If you could read a book and get a glimpse into another society, would you? By reading fiction books, I will often find a topic that intrigues me that will then push me to read a nonfiction book about the same topic. It’s an enjoyable cycle! Historical fiction is one of the biggest genres that leads me to nonfiction books. I love fact-checking the fiction book to see how closely the author wrote to what happened in real life. Historical fiction that focuses on remarkable women is one of my favorites. Stephanie Barron’s latest works falls under this category.
That Churchill Woman by Stephanie Barron chronicles the life of one of history’s most remarkable, controversial, and influential women: Winston Churchill’s scandalous American mother, Jennie Jerome. Jennie was born in Brooklyn to a prosperous American financier father and a mother with high social ambitions for both herself and her daughters. Eventually ending up in Europe with her mother and siblings after a scandal rocked her parents, Jennie realizes that she is responsible for securing her own destiny.
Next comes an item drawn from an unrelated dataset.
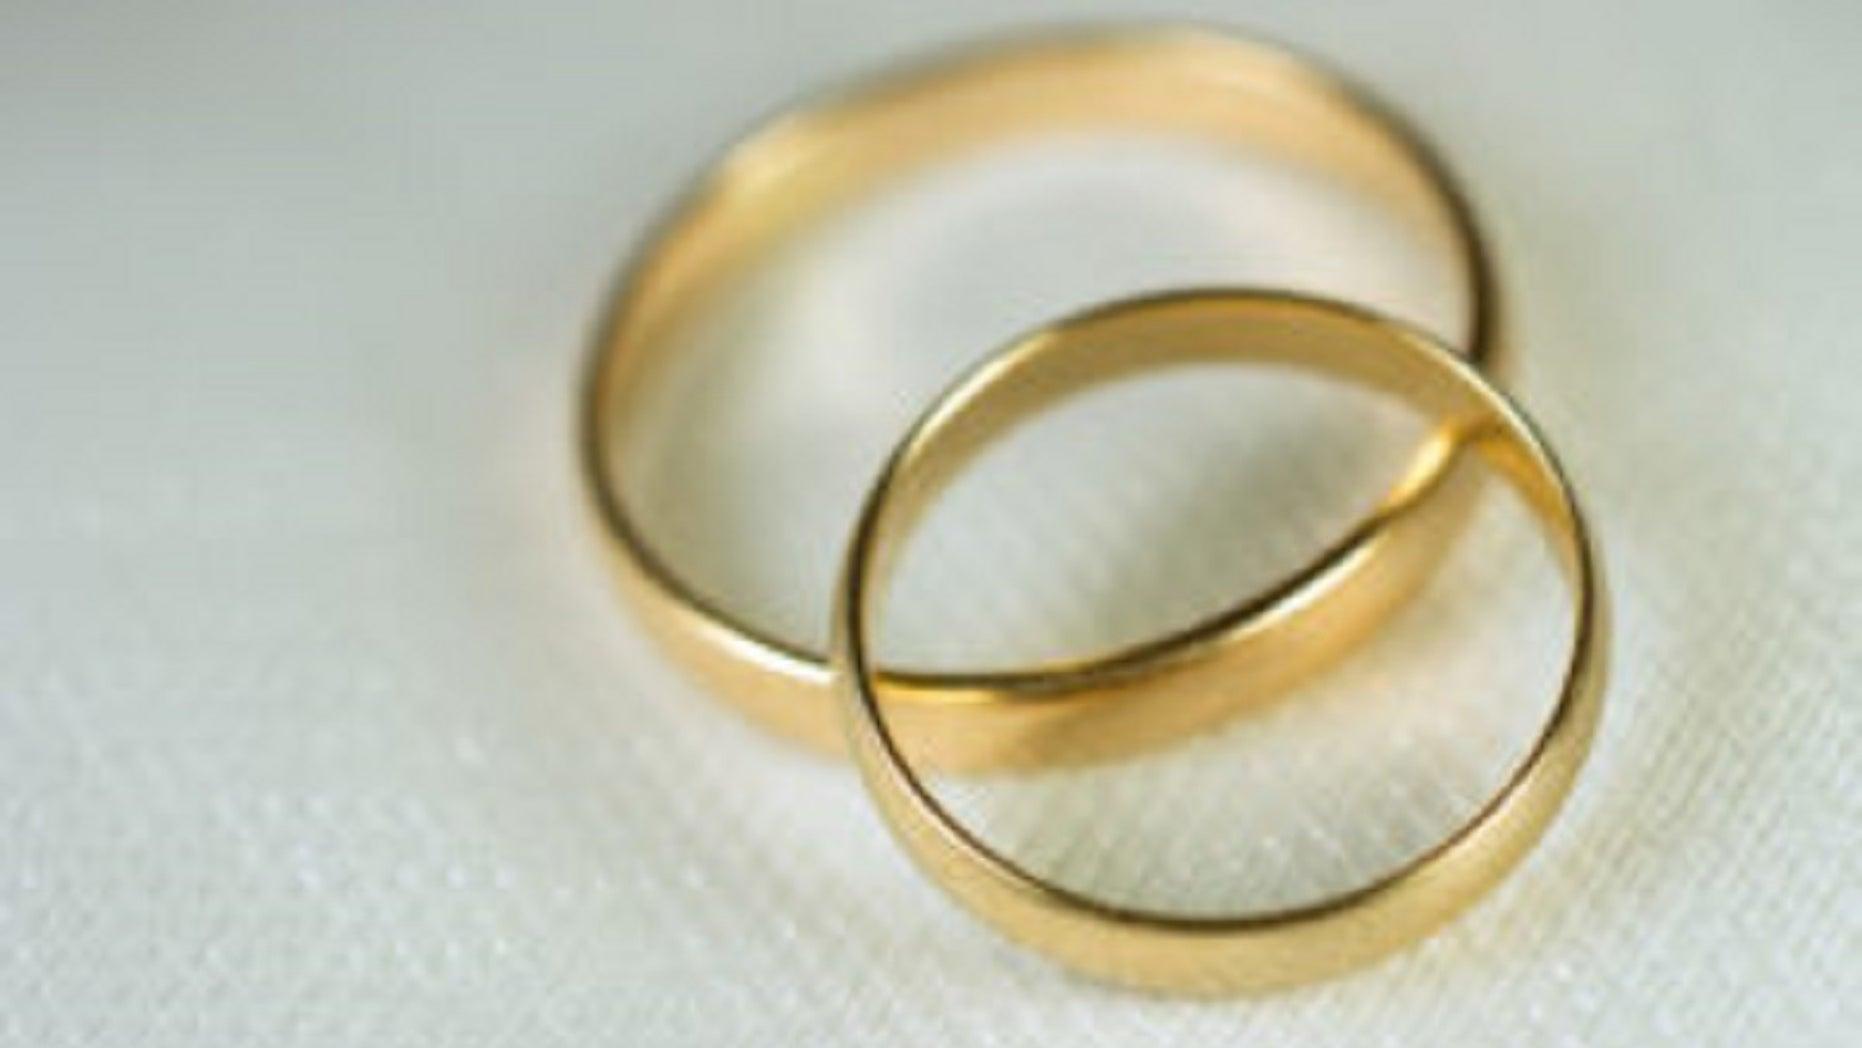 A Massachusettsman avoided jail time in a sham marriage scheme.

Jennie is wealthy, privileged, and raised by her father to be fiercely independent. The moment she landed in Victorian England, Jennie and her family took the area by storm.
Jennie runs into Lord Randolph Churchill at a party and decides she wants to marry him when she is just nineteen years old. The shocker? They have only known each other for three days when Jennie decides to marry him. Once they are married, she is instantly swept into a crazy whirlwind of British politics and the social climbers that surround Bertie, Prince of Wales. Jennie is now the new Lady Randolph Churchill, a brash American woman who thinks for herself and is careless of English society rules. She becomes a London sensation, traveling without her husband to Marlborough House and gathering admirers and critics along the way. Since Jennie knows about politics and is also a gifted piano player, she uses her talents to begin shaping her husband’s rise in Parliament. Jennie is also widely known as the mother of Winston Churchill. She uses her talents to help navigate Winston’s journey into manhood. He had a difficult childhood, but Jennie made sure to be at his side.
As the Churchill family becomes more influential, scandal and tragedy begin to strike them. Jennie has had lovers besides her husband, but none mean as much to her as Count Charles Kinsky. Kinsky is a man who loves horses like she does and passionately loves Jennie the way her husband can’t. Once Bertie, Prince of Wales, catches wind of their affair, Jennie is forced to rethink their love as she quickly realizes just how much her every move is judged in public. She must decide how to balance duty and desire, a choice which has consequences that ripple across the Atlantic. Jennie’s decision takes her to a new level of scandal as her children’s lives and all of those around her are greatly affected. This novel is a loving portrait of a woman who helped shape the Churchill era. Jennie’s legacy may be of a difficult and scandalous woman, but the balancing act she works out between obligation, desire, duty, love, and freedom is a testament to the soul of a woman who through sheer force of will was able to alter the course of history.